Facebook and Linkedin to Offer Market Research?
It seems like the natural second monetizing scheme many dot-coms think of. First Advertising then Market Research. That was the case for me back in 2000 at the beginning of the dotcom boom. I was hired by Snowball.com (now IGN.com) to help start a market research vertical Iquestics.com. It was to be a new profit center, and we had about 1 year to do it before the VC money ran out (that was my own financial analysis which was off only by about a month). Snowball.com had 14 million 13-30 year old unique visitors per month then. It seemed to make sense to add market research on as a second revenue source after advertising. While we were able to get a few clients like AE, Visa, Microsoft, it wasn’t enough, fast enough. However, marketing research takes time to implement correctly.
Last week someone from Linkedin asked to set up a call with me to discuss market research on Linkedin. They were interested in speaking to a few of the better connected consumer insights professionals in the Linkedin group “Next Gen Marketing Research“. It seems they may very soon be making a “market research” (polling) function available much like what Facebook has been offering now for nearly a year.

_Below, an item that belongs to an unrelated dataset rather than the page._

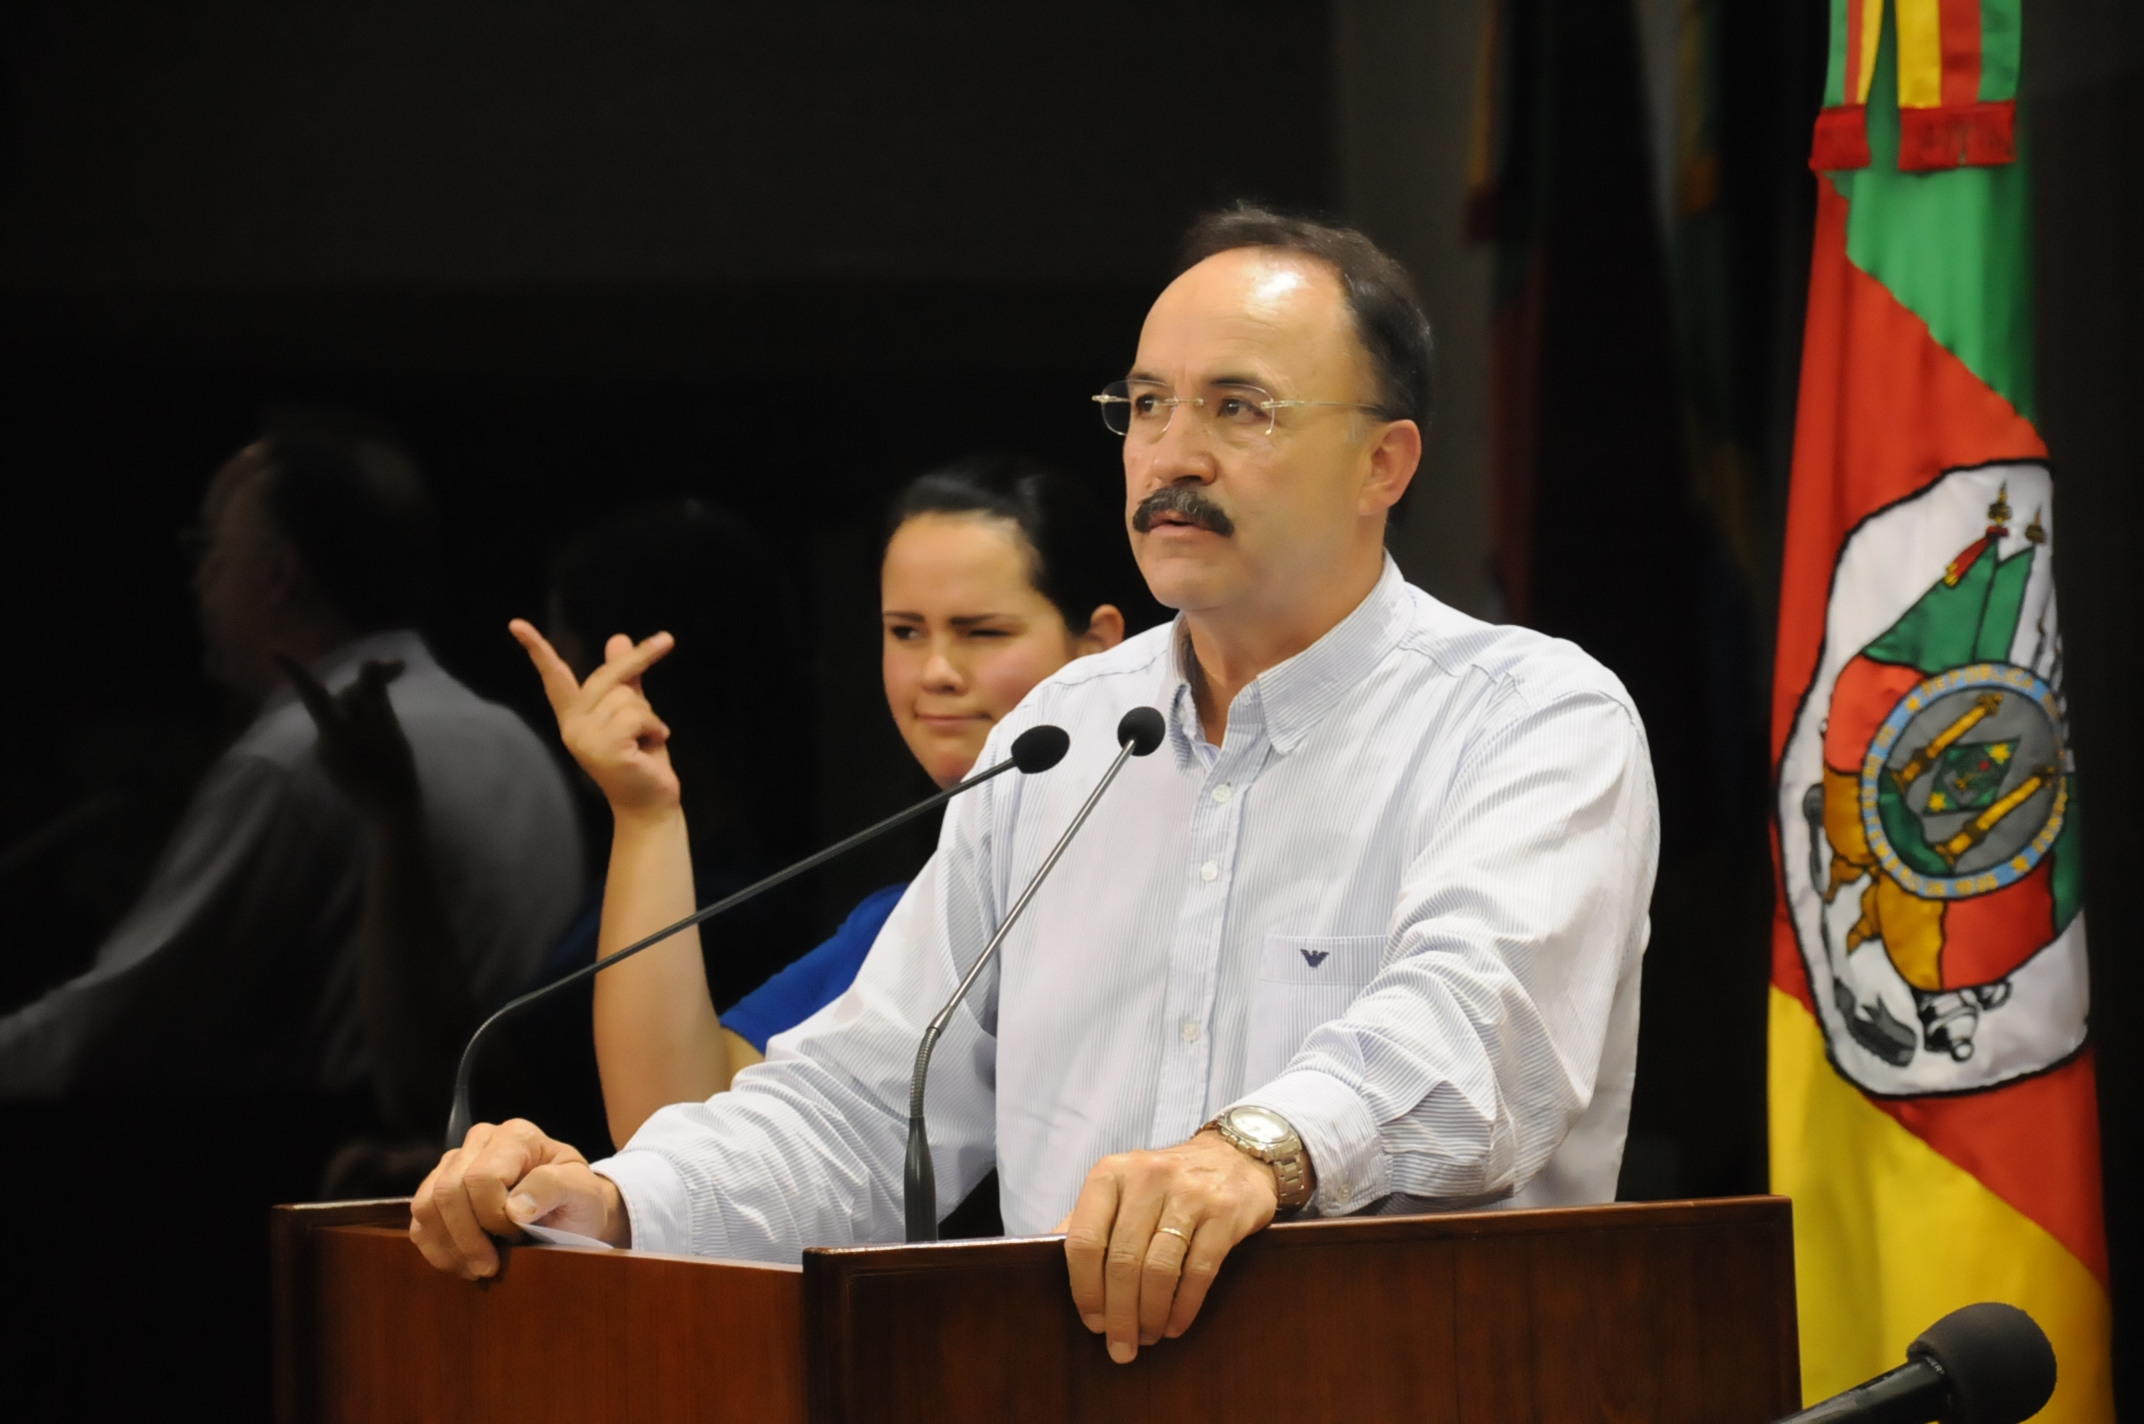 Mauro comenta sobre audiência no Ministério Público Federal

For those not aware of Facebook polls it allows users to pay per response to ask a single question. You are limited to 5 answers. There are no other question types. You can filter sample by interests, gender, age, or location. Even these few filters are limited and you can not apply multiple filters. For instance, it is technically not possible to select females and age 13-17 at the same time. Also choices like location are limited to individual states or smaller countries (Luxembourg, Sweden). You can not select USA for instance.

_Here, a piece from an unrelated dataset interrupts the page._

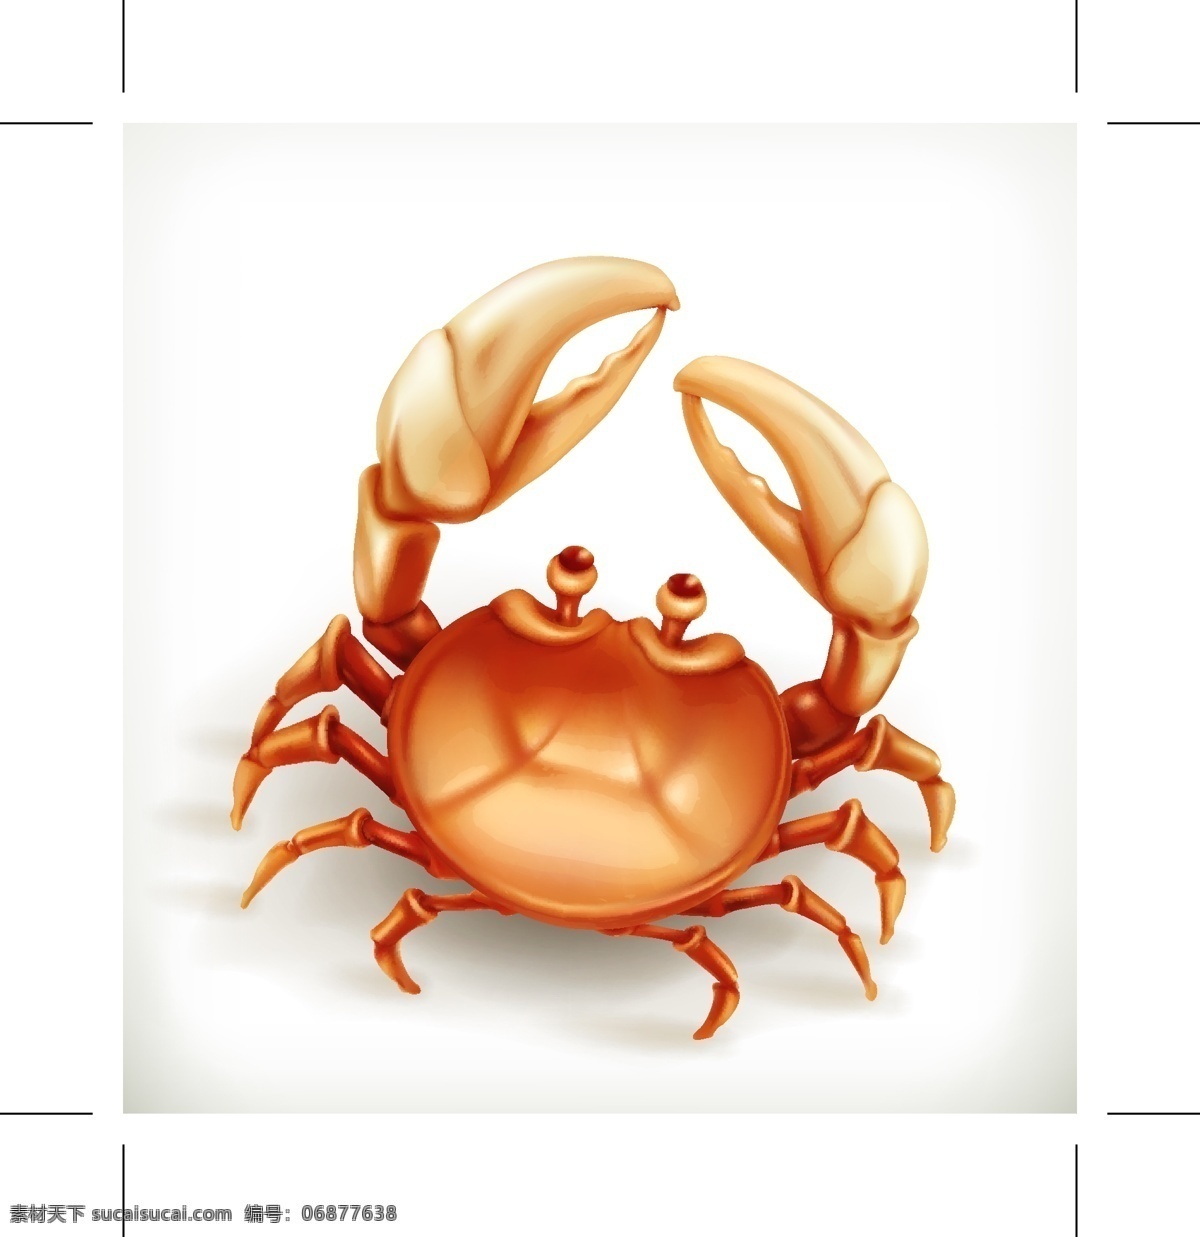 沙滩 螃蟹 矢量 动物 海边 度假 装饰 创意 涂鸦 小清新 卡通 填充 插画 背景 海报 广告 包装 印刷 夏天 高清

Therefore this polling tool is not useful for actual consumer insights projects I work on. Though I have found it useful to flush out some ideas for proposals, or prior to giving a talk/speech on youth research (GenX2Z).
I think it will be interesting to see if Facebook and Linkedin will be able to provide more robust consumer insights tools to us in the future. For now though Anderson Analytics and other research firms will need to continue to build their own panels which contain users of these systems. There are a few ways to do this including advertising, or working with application developers (on Facebook).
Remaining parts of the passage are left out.